I have been a fan of ml for years. They were developed just a few hours north of me. I've had a few of them as well as other panel speakers but not for home theater use. 
All depends on what you want in your theater. If it's just you and the wife then I'd say git em but if you have several people watching/listening I'd say save em for a dedicated music room. The sweet spot is just soooo narrow with ml. Def tech are one of my favorites for ht. Also you might check out mirage. I have been using them for mine about 3 years now. 
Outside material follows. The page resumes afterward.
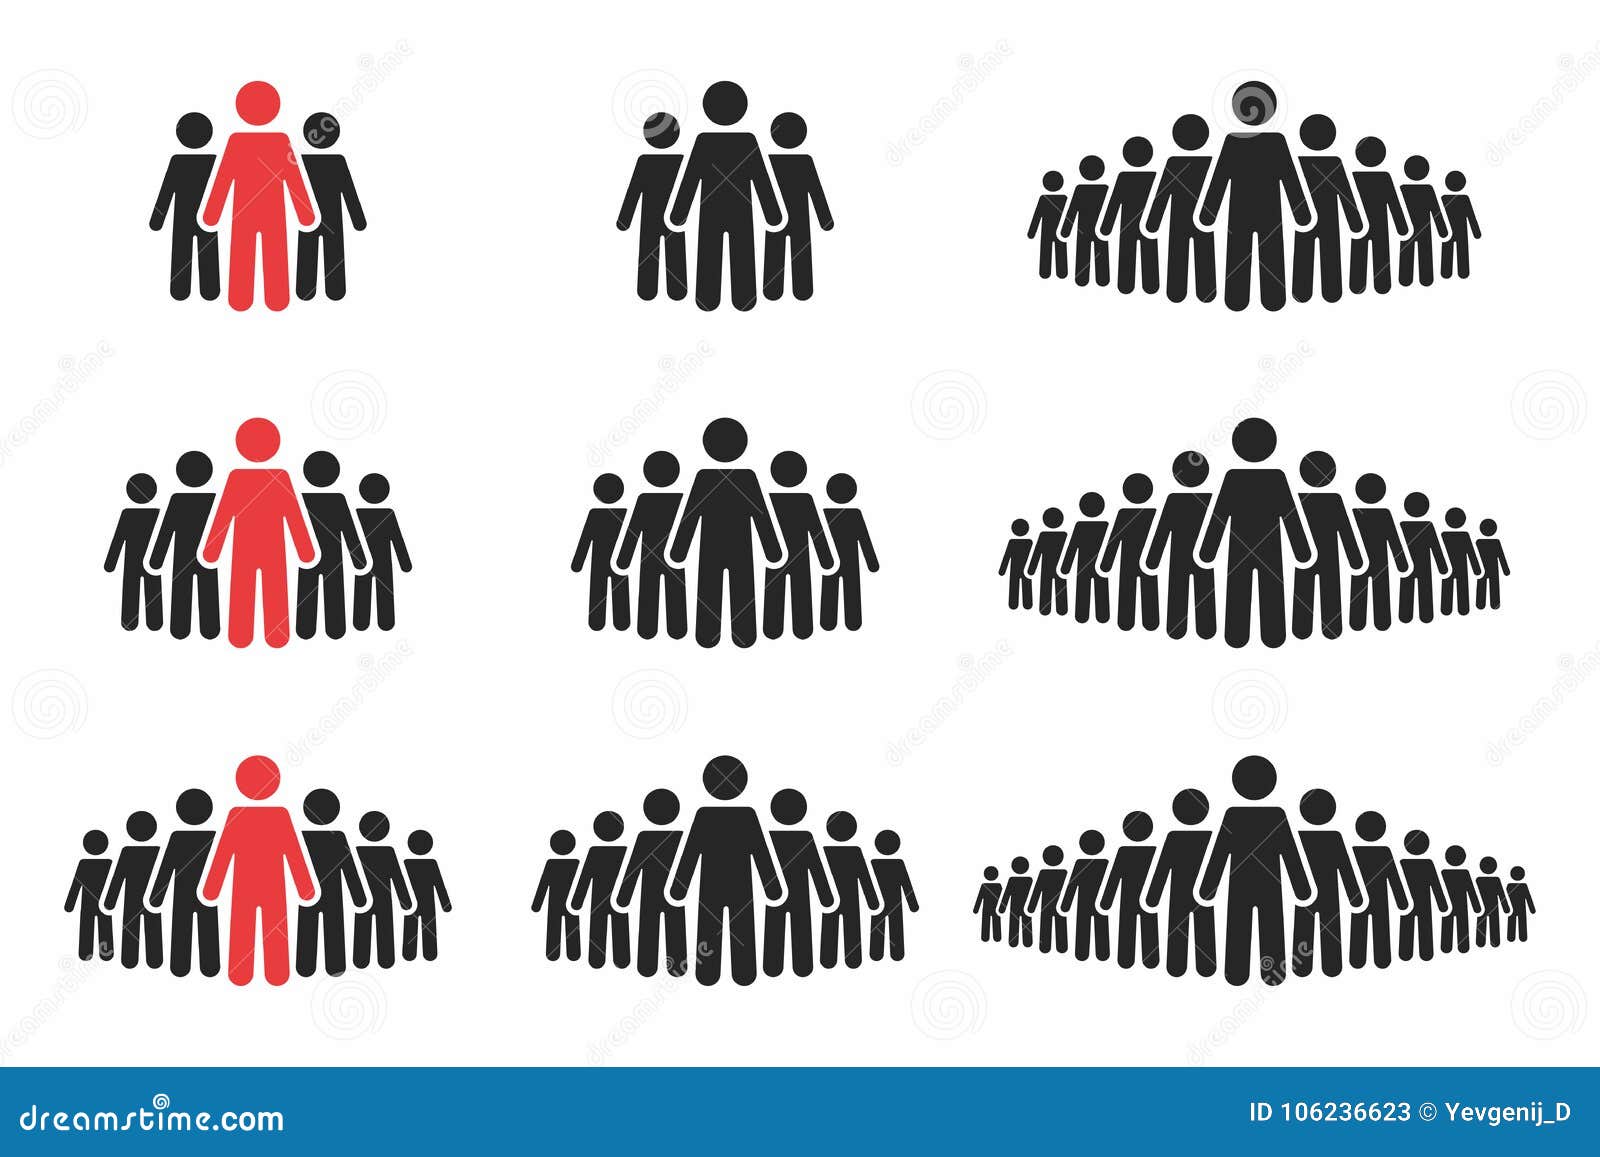 people icon set. crowd of people in black and red colors. group of people in pictogram

Sent from my DROID RAZR using Tapatalk 2


----------



## Victor_inox (Apr 27, 2012)

if you were shopping at Bestbuy take a listen of new B&W floor standers, they cost about the same as definitive buy sounds so much better. 
I have ML as my main speakers in HT setup but usually i'm the only one listening music there, mostly movies with wife but Like I already stated she doesn't care about audio much when she is watching movies. I also decided to use conventional speaker for center and satellites.
I've got top of the line Vienna acoustic grand piano center I've got on sale when BB discontinued vienna acoustic speakers I guess not many were buying expensive speakers at BB.kef "eggs" for satellites work awesome. got it off CL for 1/5 of retail brand new.


----------



## bigfastmike (Jul 16, 2012)

We folk round here don't got no B&W at best buy. Lol. 
I did used to have the old 700 series B&w for ht. I'd have the new 800 diamond series if I could afford em. I've been hearing good things about the new ml's too. The montis I think?
I have just always liked Def tech since you get so much impact and huge soundstage.....Even form a low level reciever. 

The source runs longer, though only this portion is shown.